▶ Task item:
The lines in the listing below are to be given again exactly, starting at the line holding "fleurs de camomille" and ending at the line holding "Non-Representative Training Data". Do not include pictures.

▶ Exercise data:
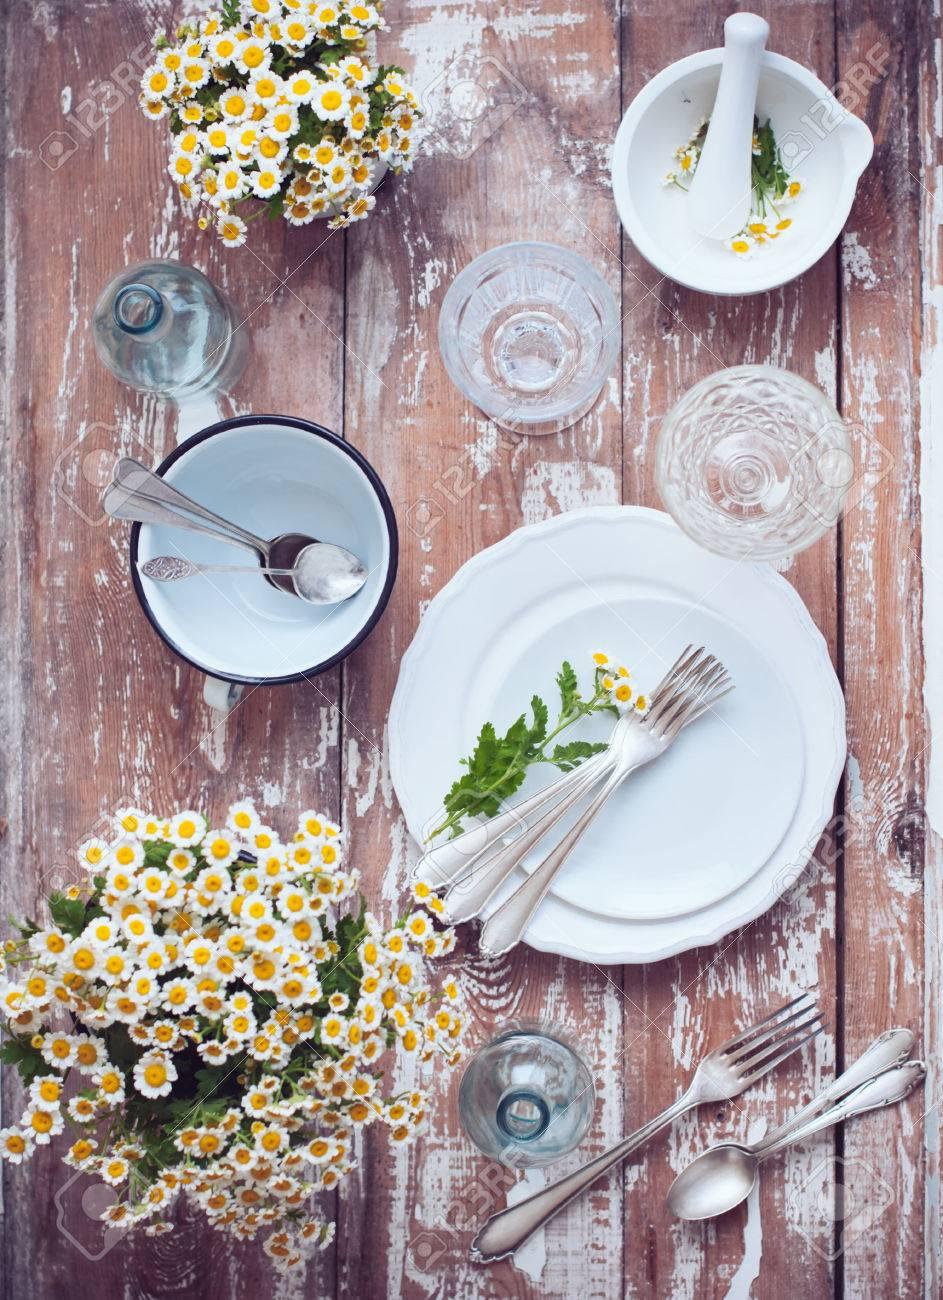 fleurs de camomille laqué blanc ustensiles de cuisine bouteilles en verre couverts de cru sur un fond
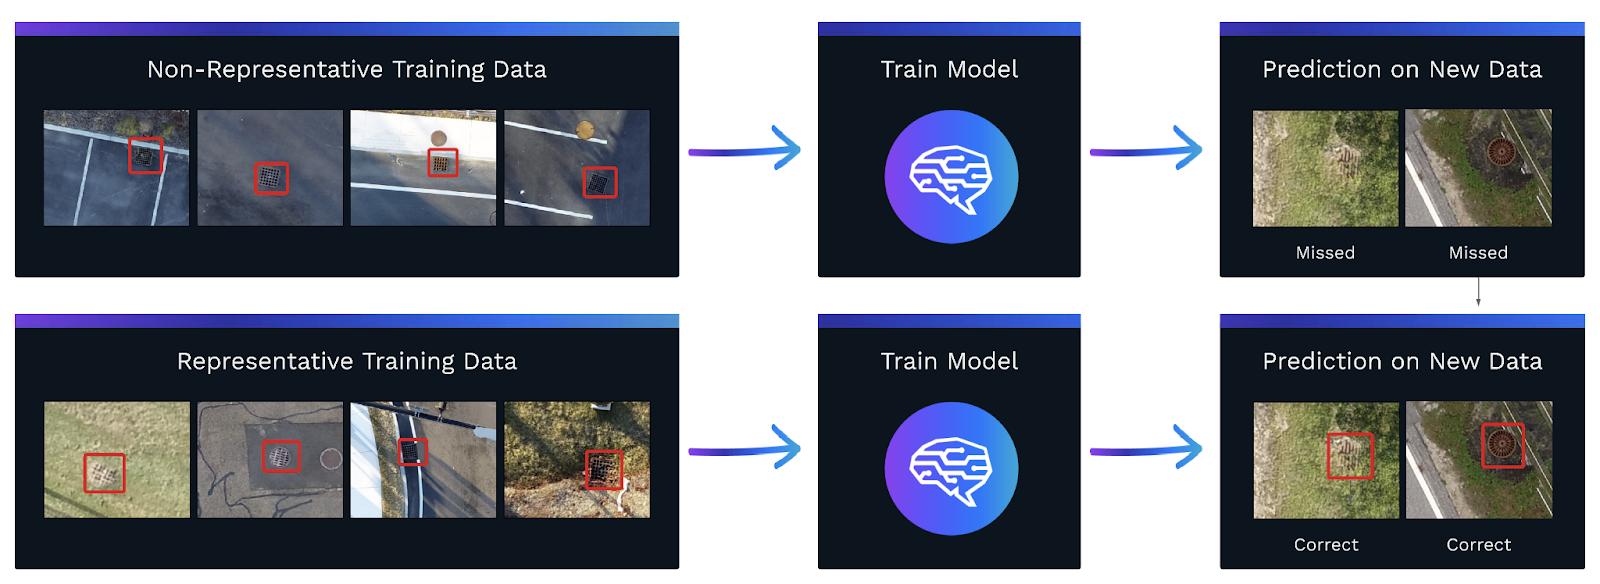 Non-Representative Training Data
==
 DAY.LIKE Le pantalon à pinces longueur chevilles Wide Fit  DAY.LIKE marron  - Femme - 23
...
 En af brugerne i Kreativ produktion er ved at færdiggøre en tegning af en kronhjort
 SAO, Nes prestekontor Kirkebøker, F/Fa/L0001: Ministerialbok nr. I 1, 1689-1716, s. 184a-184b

▶ Output below:
 fleurs de camomille laqué blanc ustensiles de cuisine bouteilles en verre couverts de cru sur un fond
 Non-Representative Training Data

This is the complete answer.